++++ Records to use

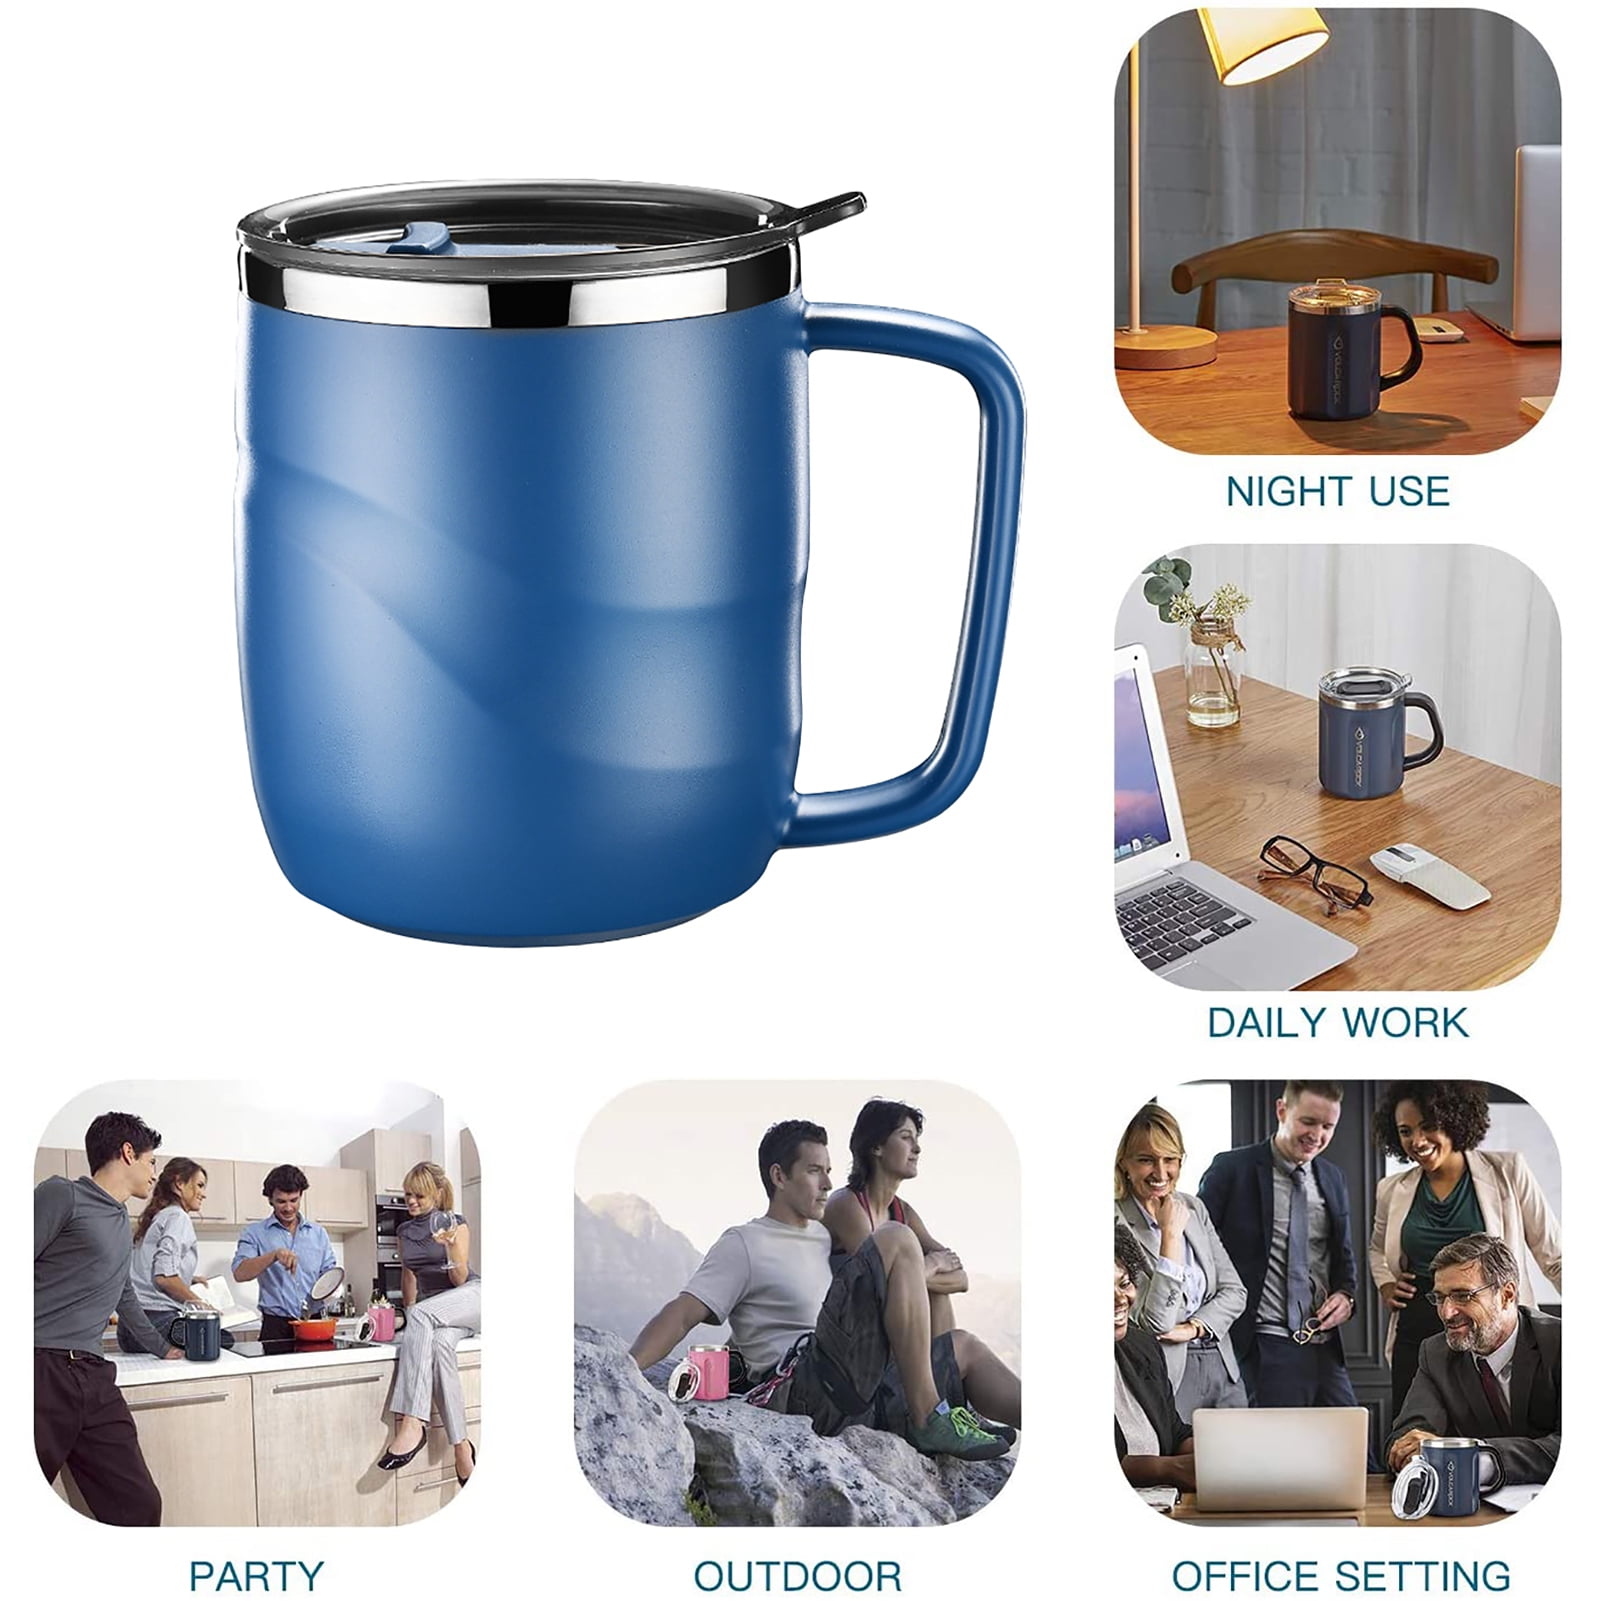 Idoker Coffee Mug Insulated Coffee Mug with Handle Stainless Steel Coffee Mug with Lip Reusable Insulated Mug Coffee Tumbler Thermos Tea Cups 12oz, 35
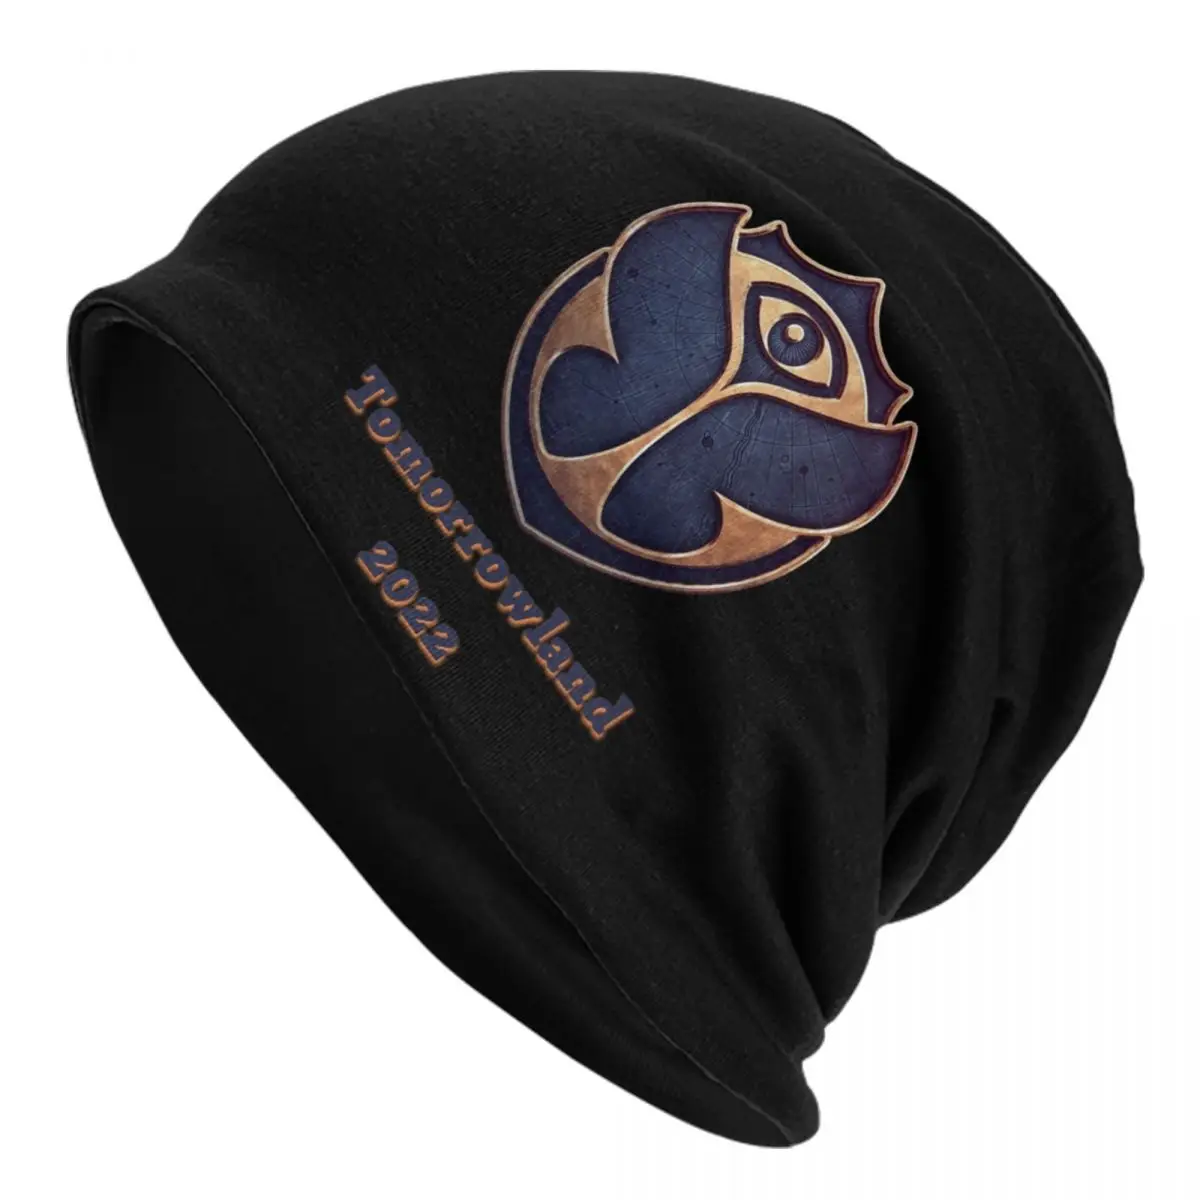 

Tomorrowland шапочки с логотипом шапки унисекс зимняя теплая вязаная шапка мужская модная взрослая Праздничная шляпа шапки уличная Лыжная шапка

++++++++
++++ Records to use

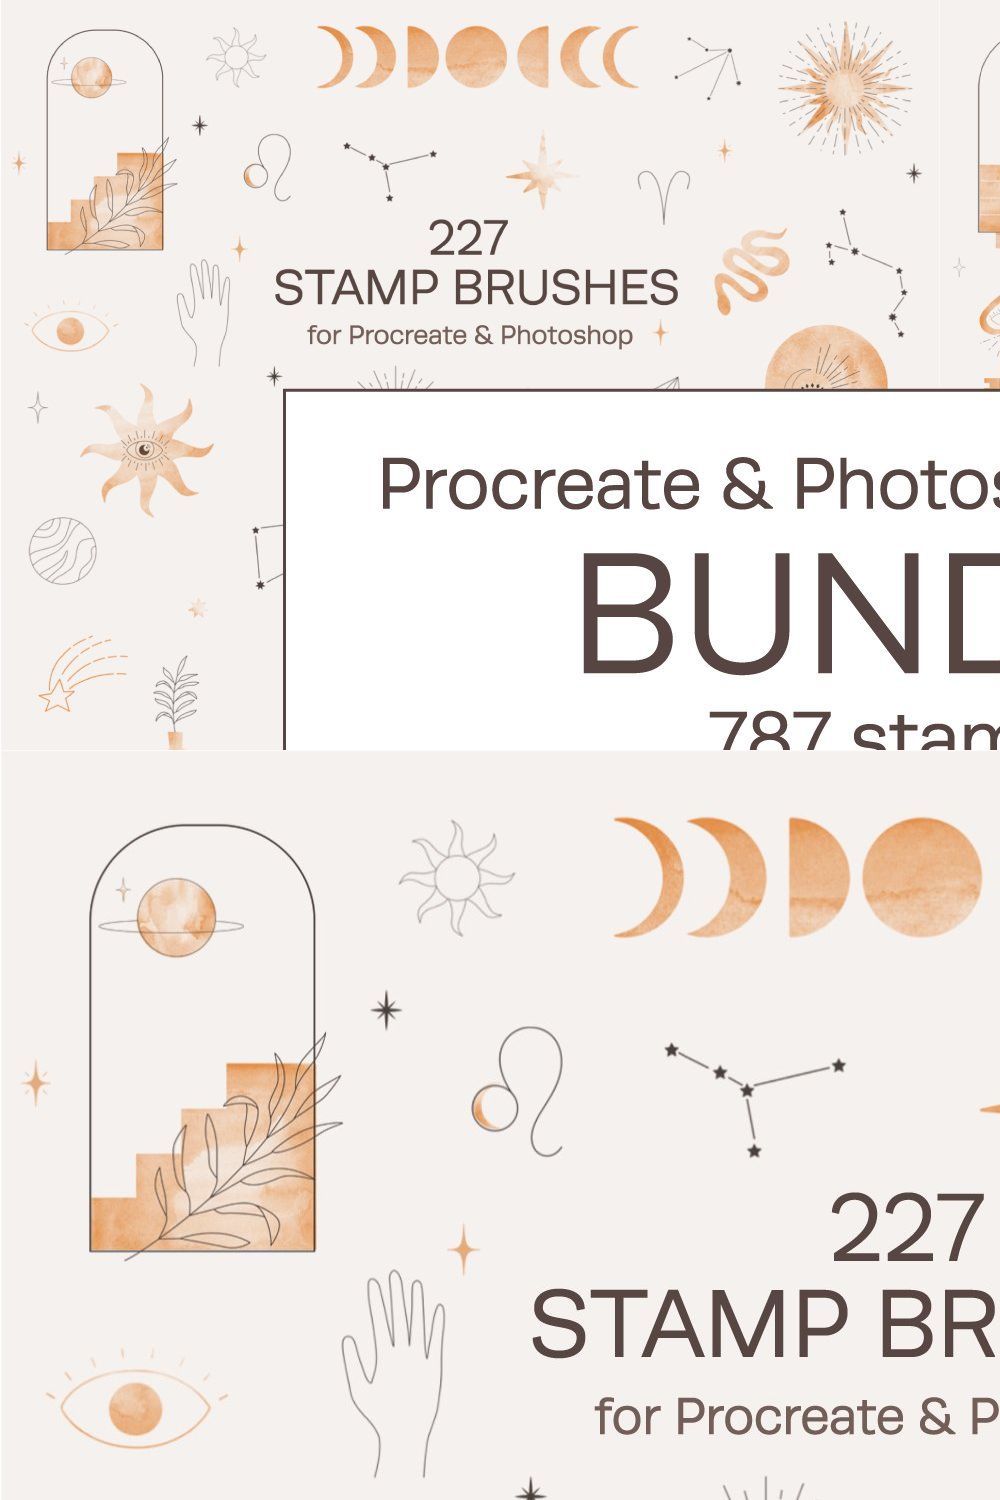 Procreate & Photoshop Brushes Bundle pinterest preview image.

++++++++

Exercise objective => Repeat exactly the stretch of the listing above that starts with the line holding "Idoker Coffee Mug" and finishes with the line holding "Tomorrowland шапочки с", both included. Skip every picture.

Task result =>
 Idoker Coffee Mug Insulated Coffee Mug with Handle Stainless Steel Coffee Mug with Lip Reusable Insulated Mug Coffee Tumbler Thermos Tea Cups 12oz, 35

Tomorrowland шапочки с логотипом шапки унисекс зимняя теплая вязаная шапка мужская модная взрослая Праздничная шляпа шапки уличная Лыжная шапка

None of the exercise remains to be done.